*DIRECTIONS:* With pictures excluded, repeat exactly the lines from the one containing "cirque-circ-a-pic-newsletter-3b" through the last line of the material below.

*DATASET SECTION:*
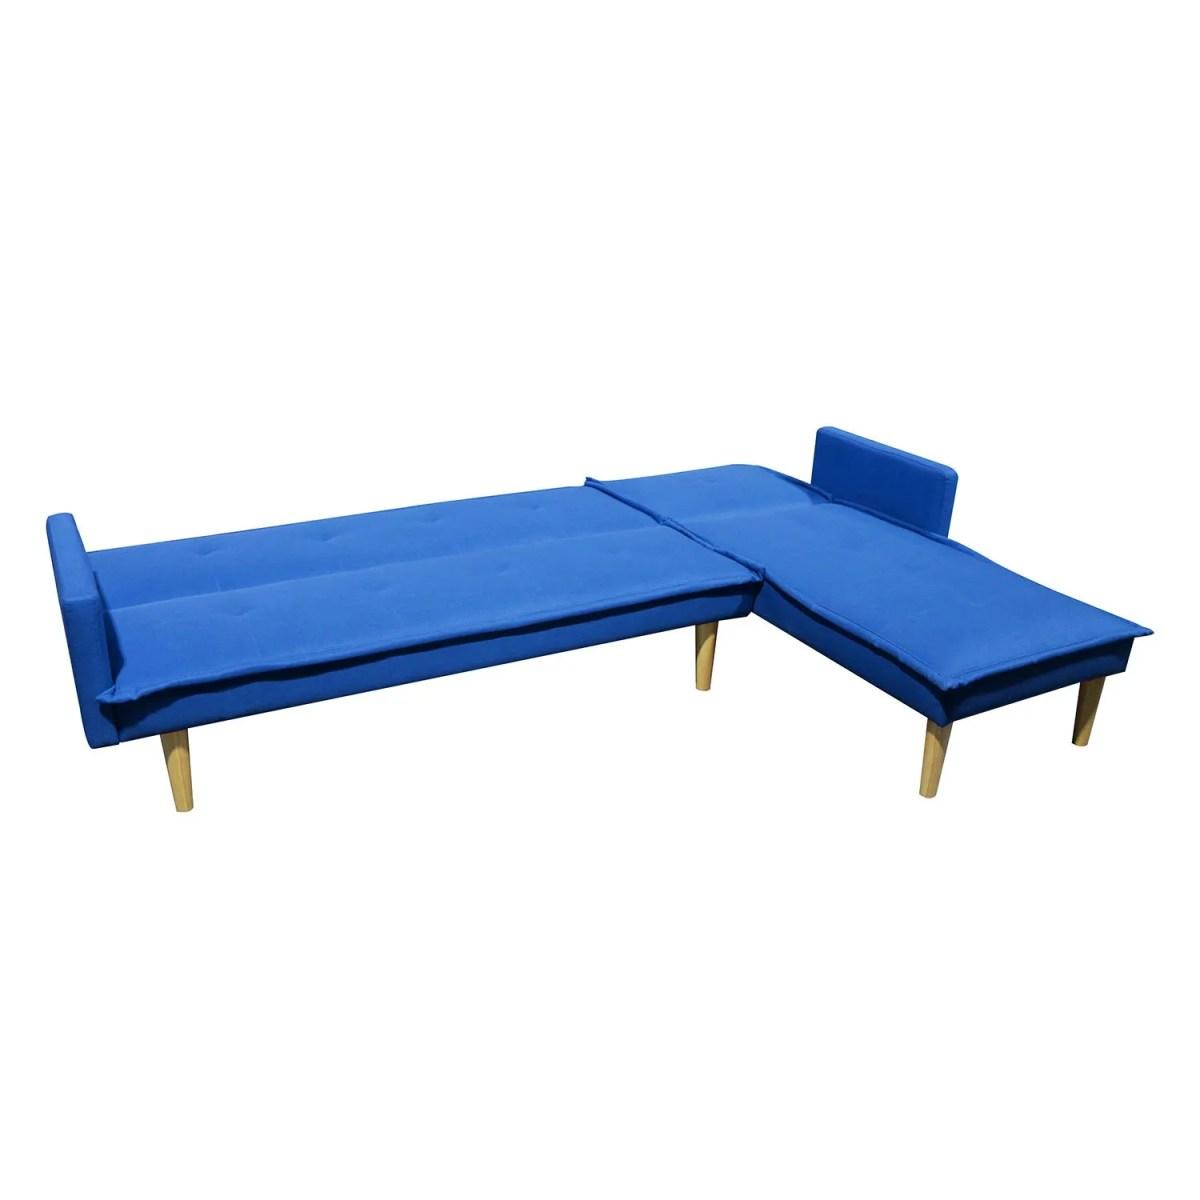 sala esquinada sofá cama independencia azul 6
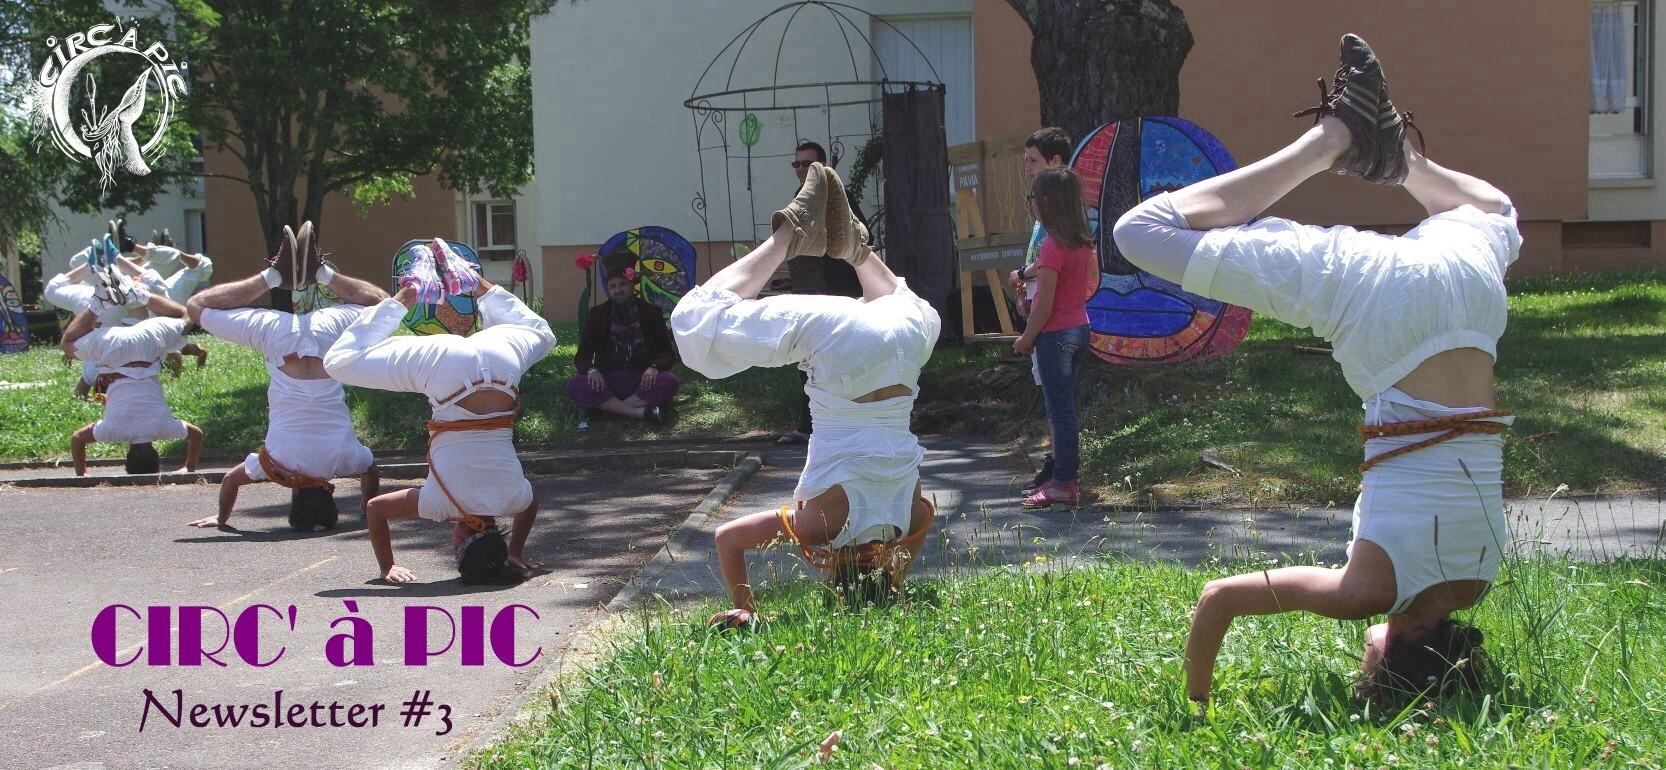 cirque-circ-a-pic-newsletter-3b
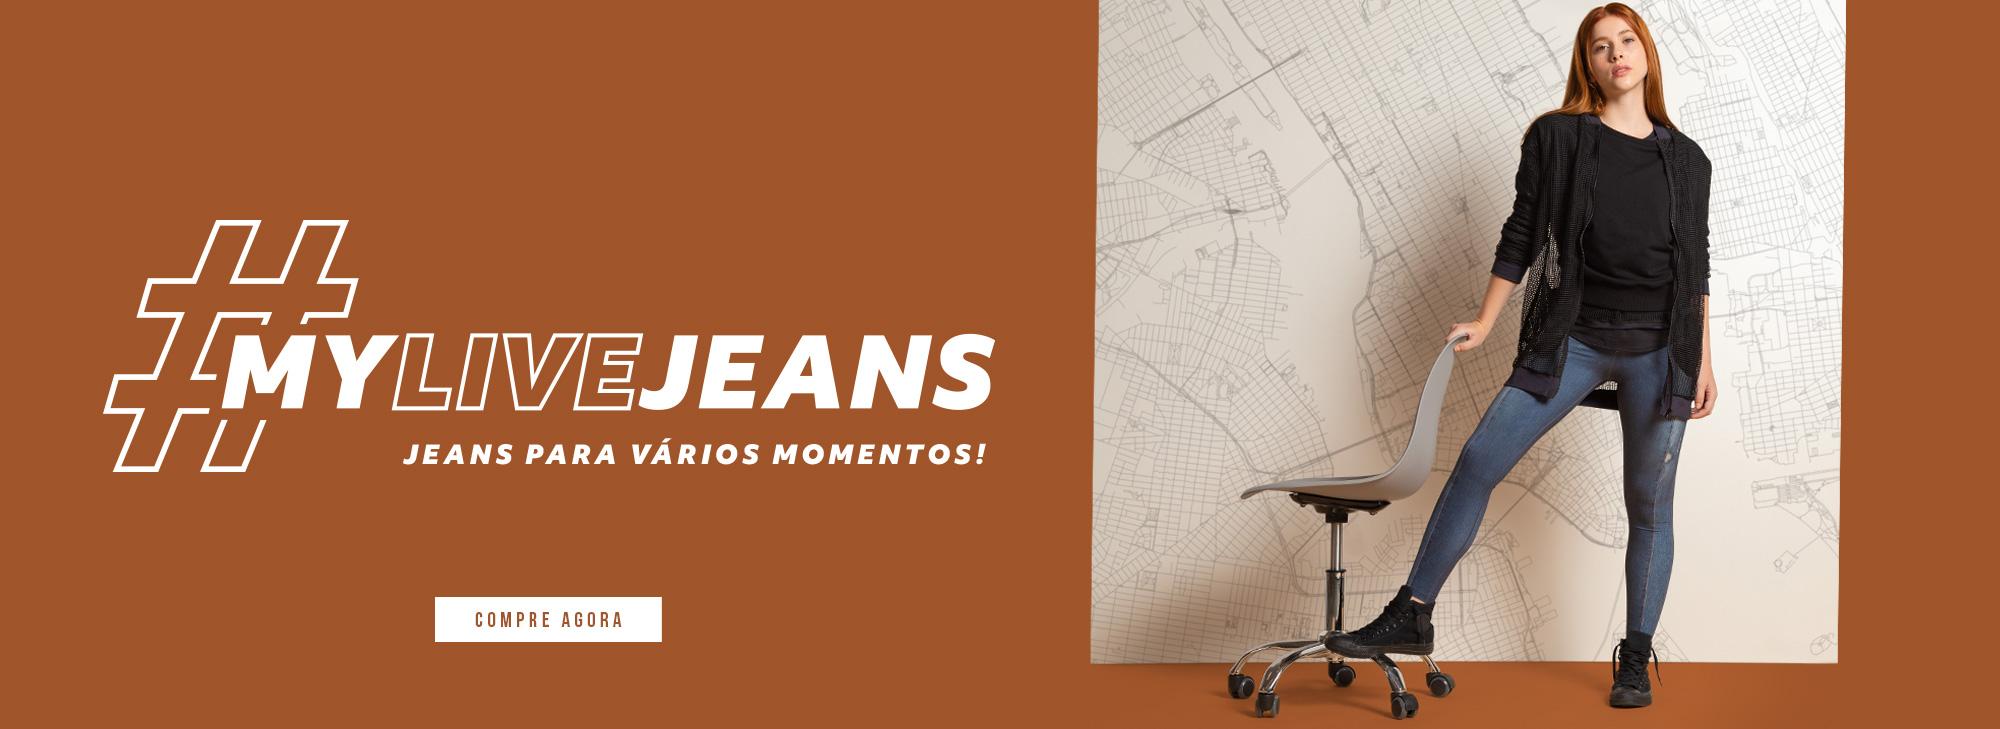 banner_D_jeans
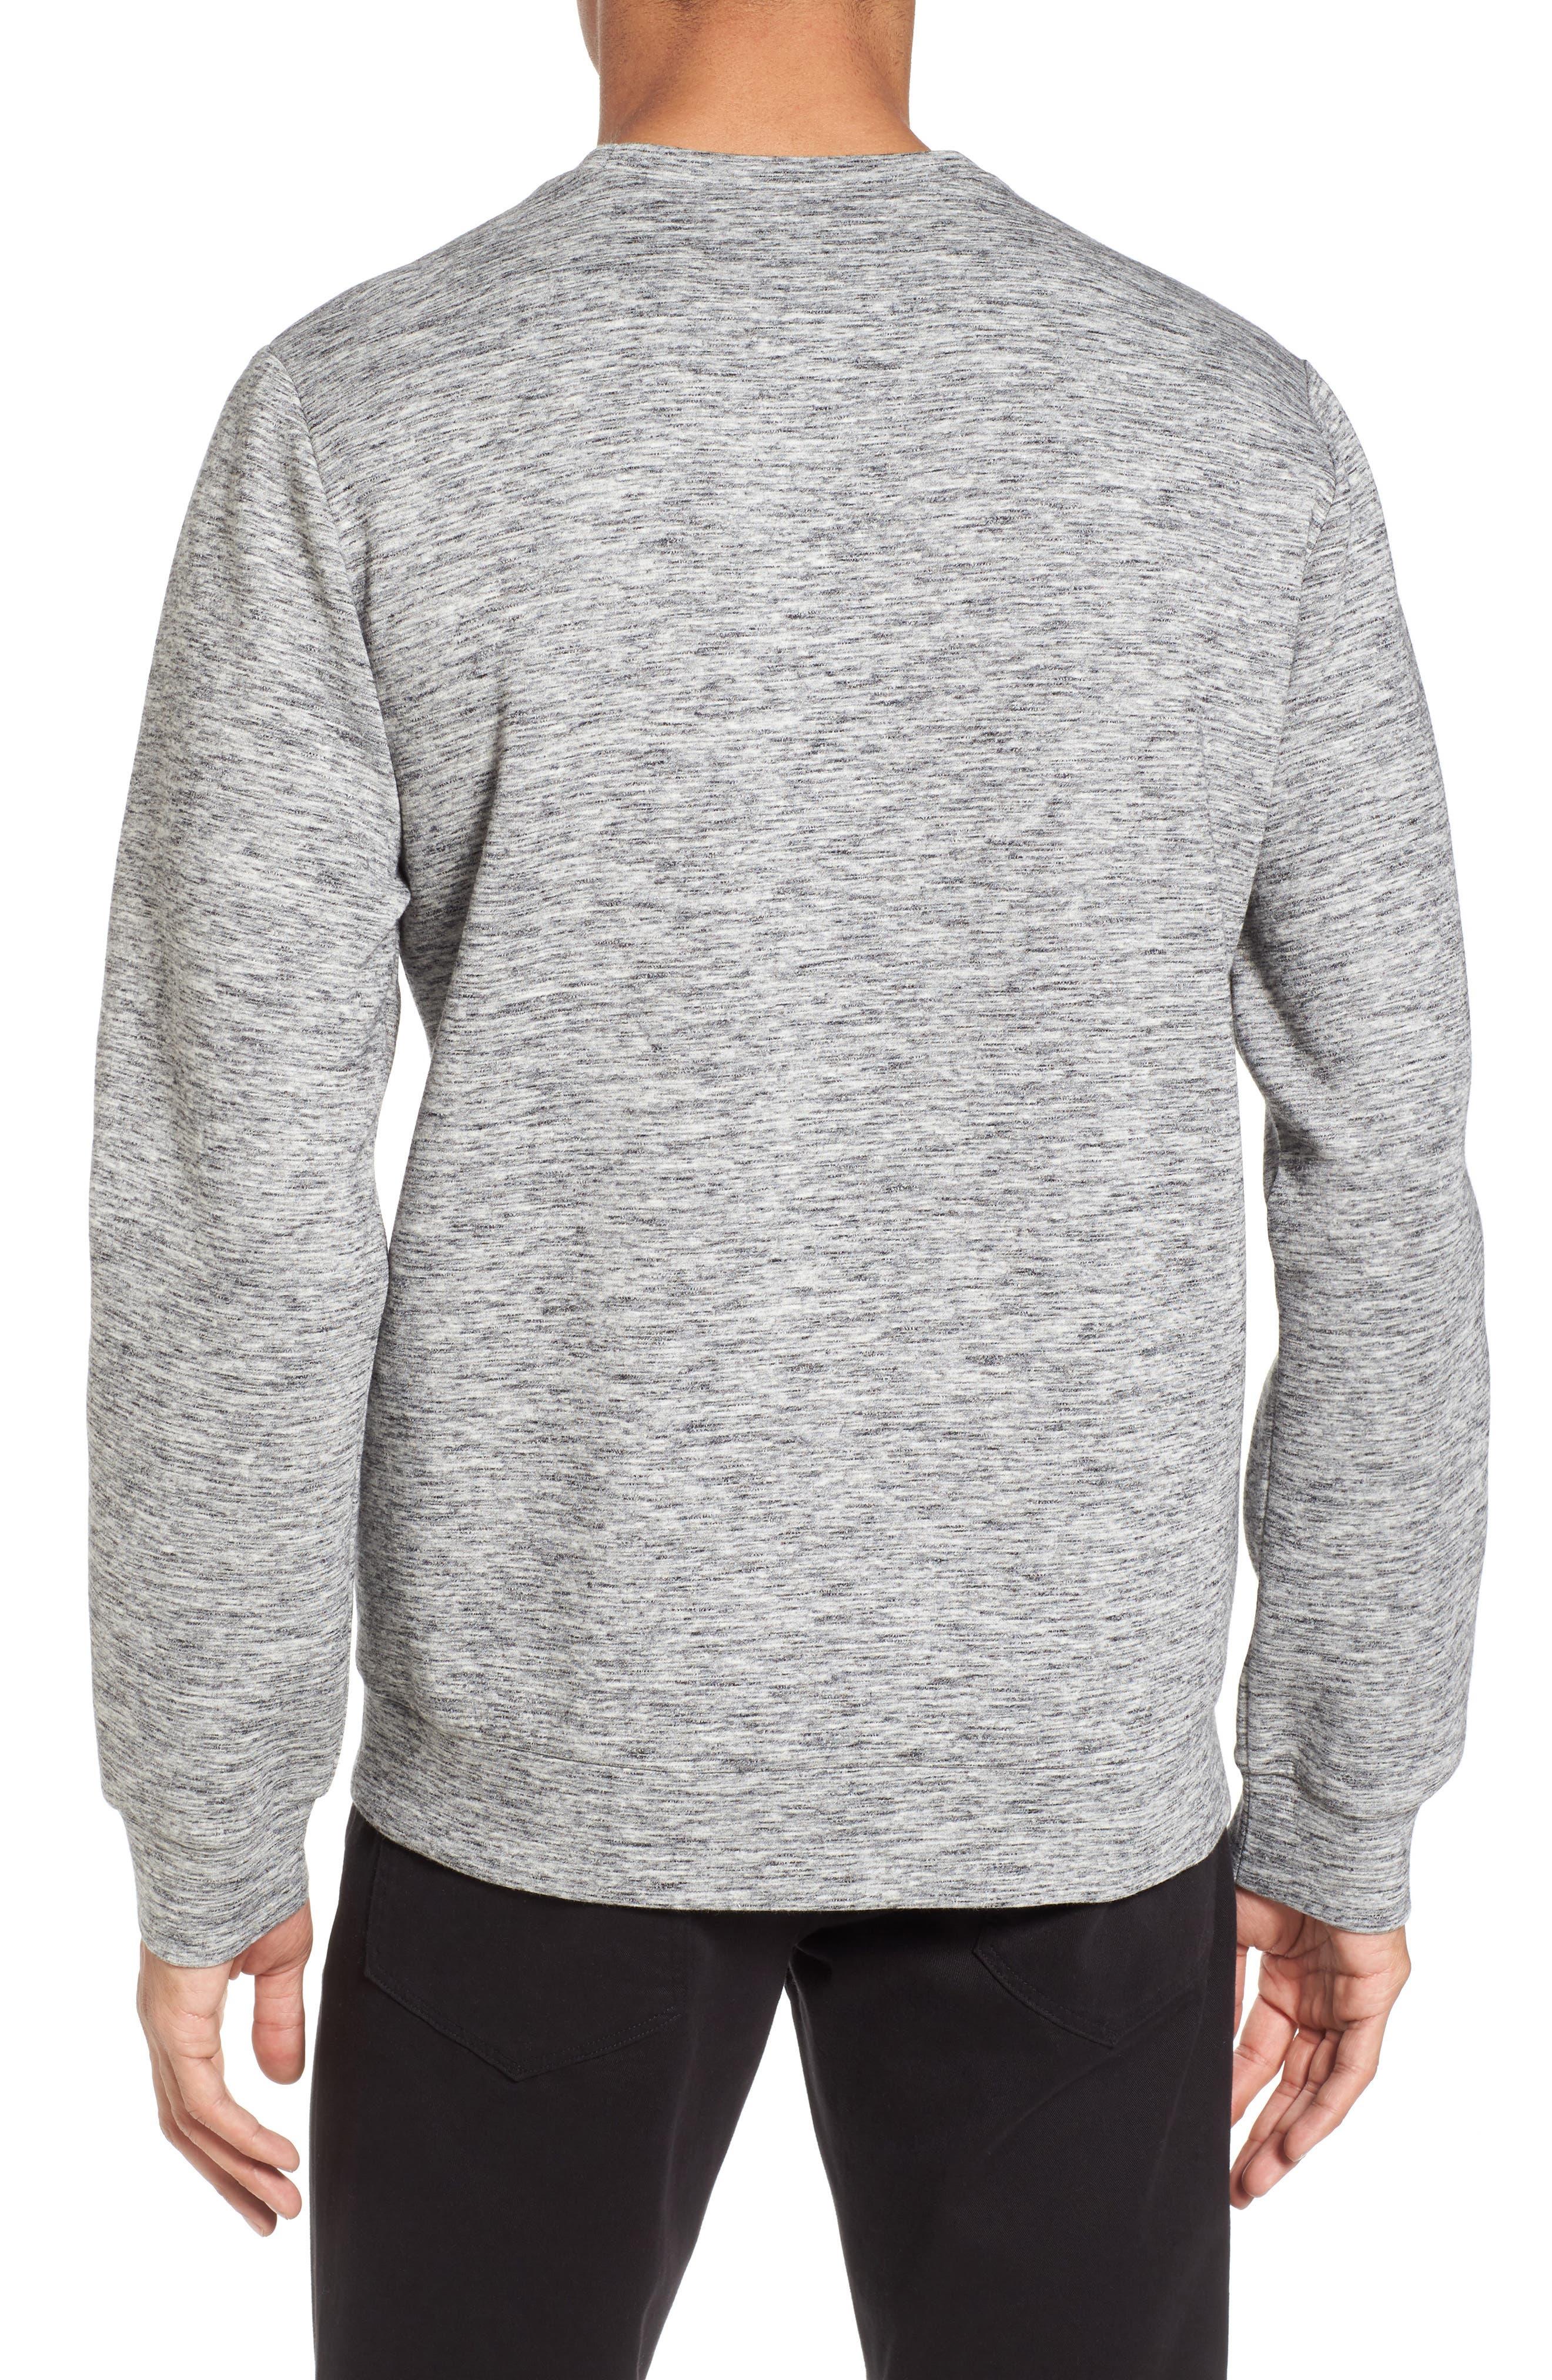 Space Dyed Sweatshirt,                             Alternate thumbnail 2, color,                             030

*WORKED SOLUTION:*
 cirque-circ-a-pic-newsletter-3b
 banner_D_jeans
 Space Dyed Sweatshirt,                             Alternate thumbnail 2, color,                             030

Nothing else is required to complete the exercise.